*** Data below ***
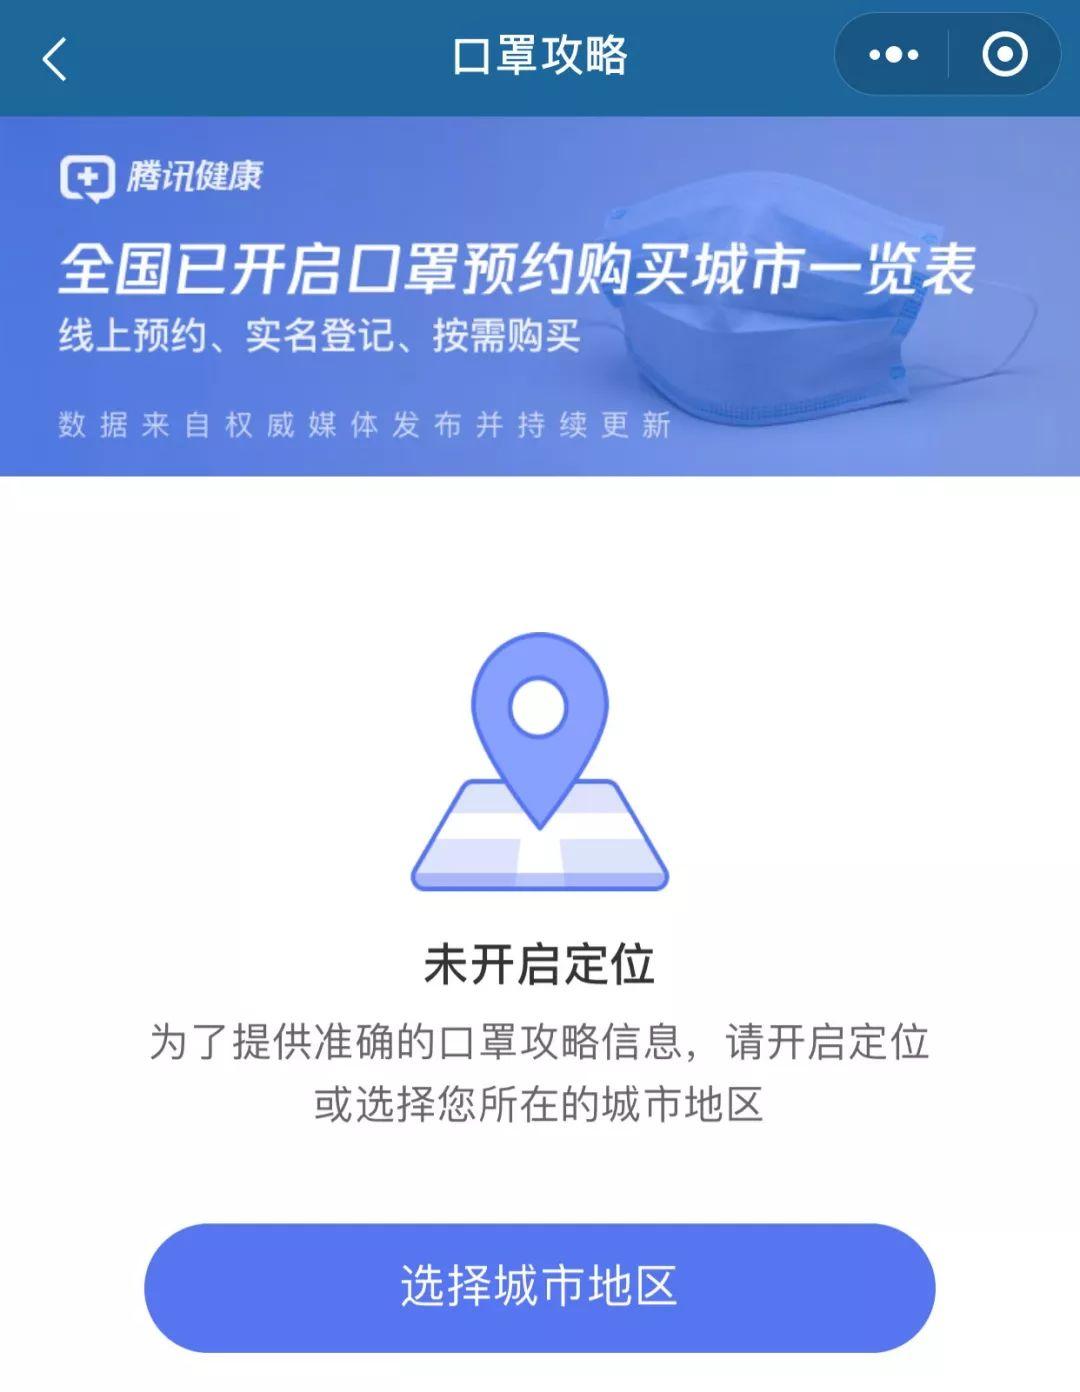 http://www.880759.com/zhanjianglvyou/18180.html
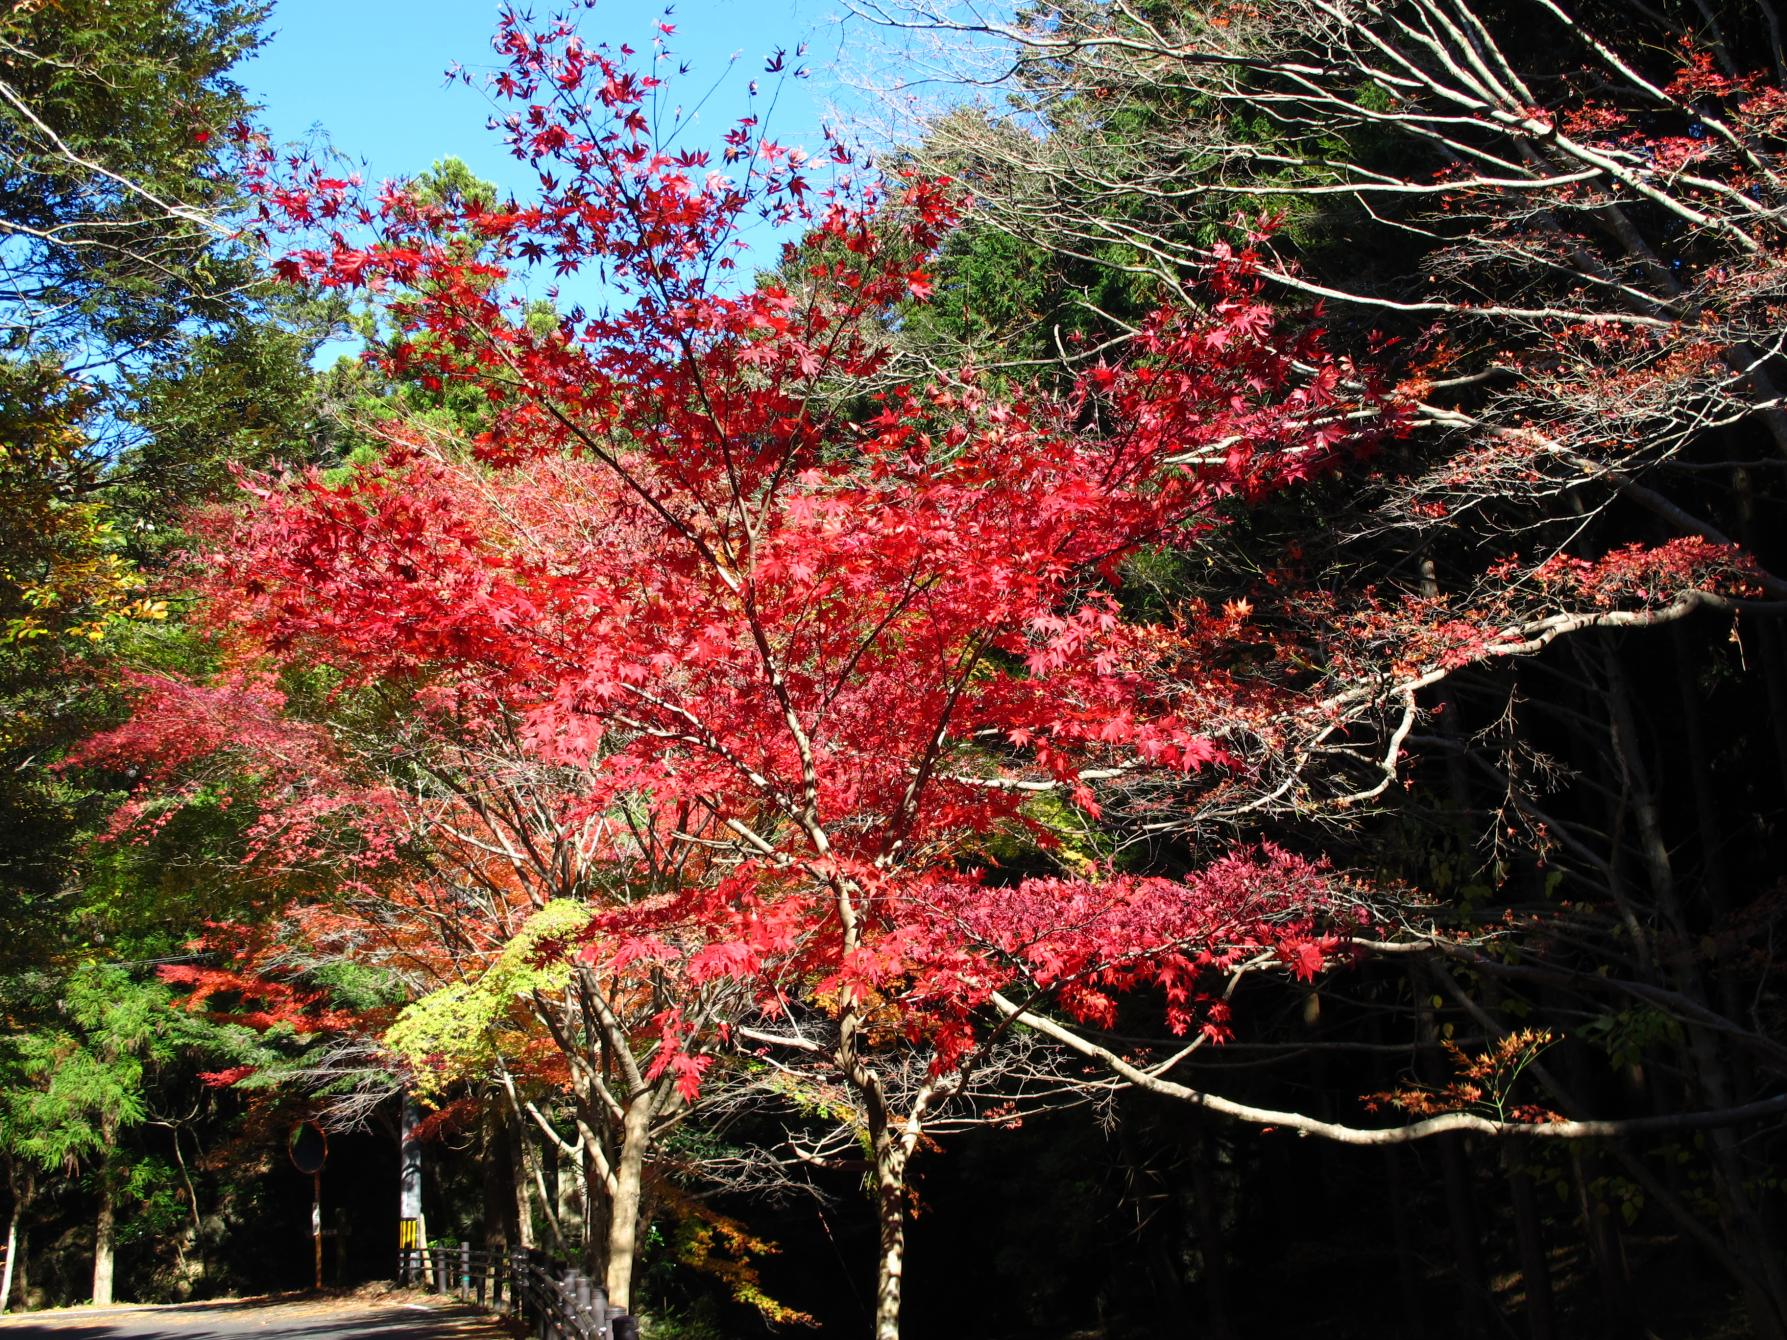 川沿いに連なる紅葉が水面に映る「舟志のもみじ街道」(対馬市)-3
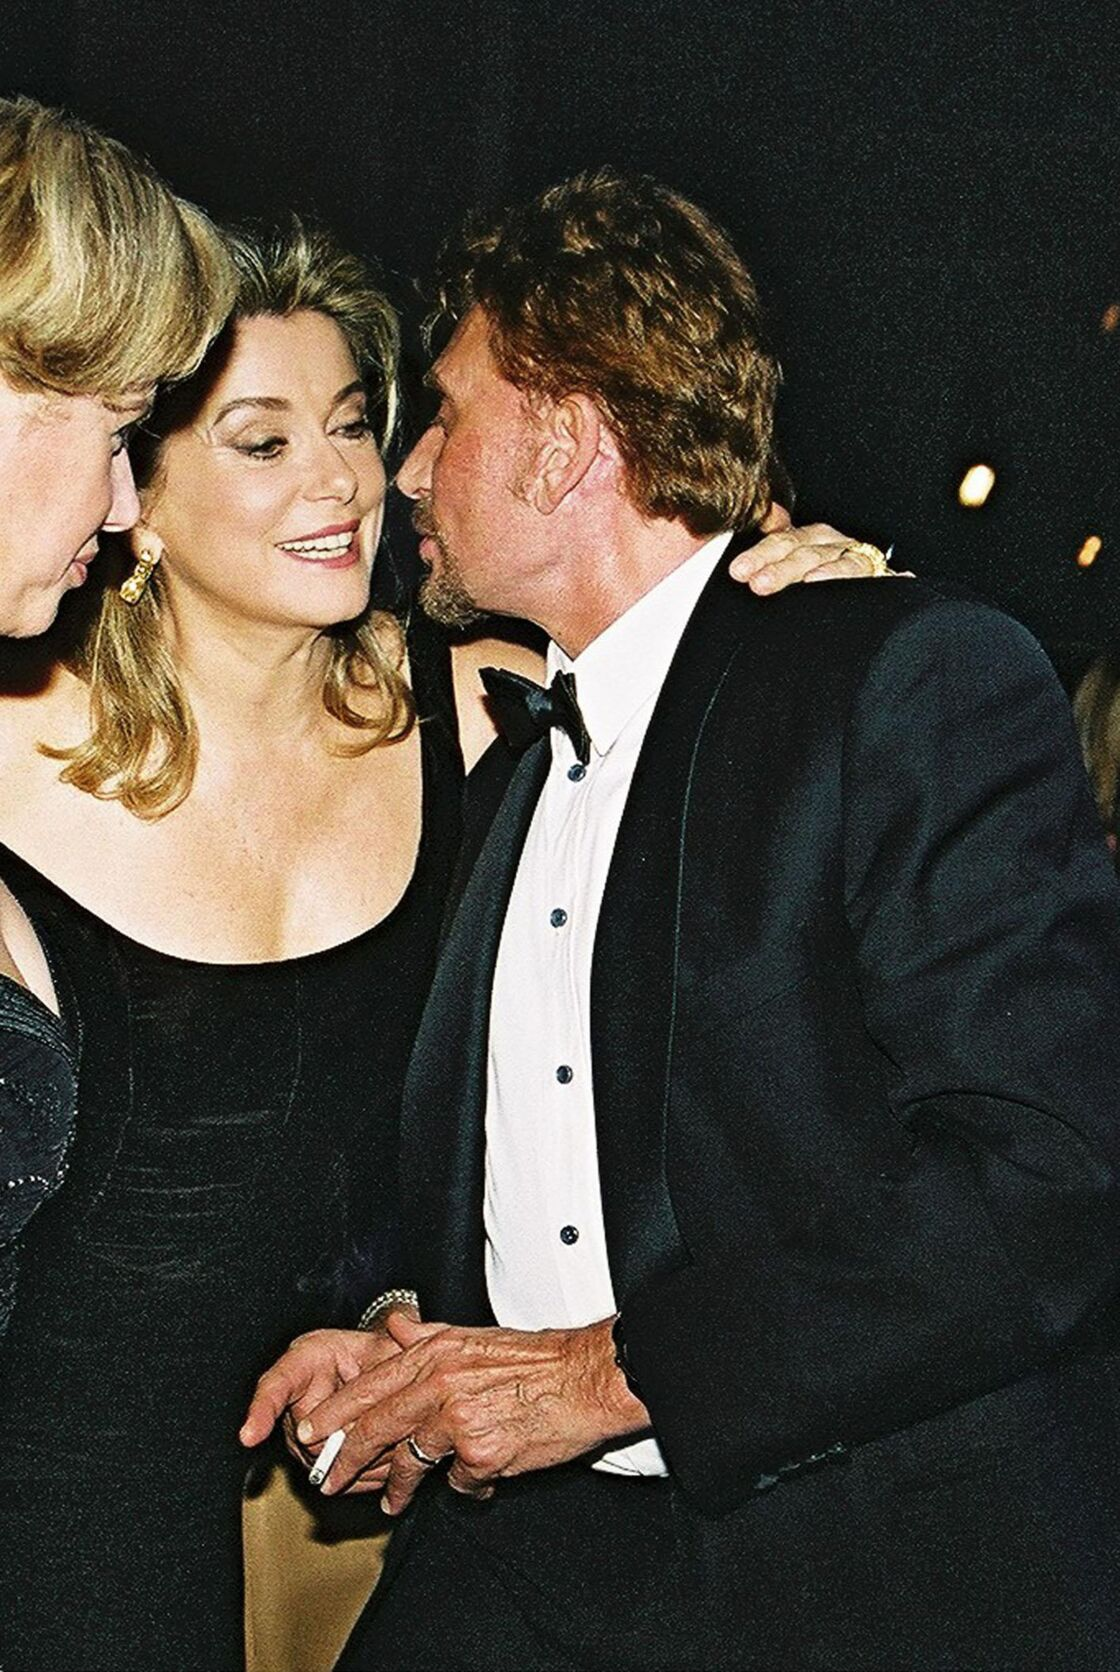 Catherine Deneuve et Johnny Hallyday au gala annuel au profit de la Fondation Children of Africa au Palais de Chaillot, en 2001.
***
**Exercise:** Print out the material word for word, omitting the pictures.

**Result for this task:**
 http://www.880759.com/zhanjianglvyou/18180.html
 川沿いに連なる紅葉が水面に映る「舟志のもみじ街道」(対馬市)-3
 Catherine Deneuve et Johnny Hallyday au gala annuel au profit de la Fondation Children of Africa au Palais de Chaillot, en 2001.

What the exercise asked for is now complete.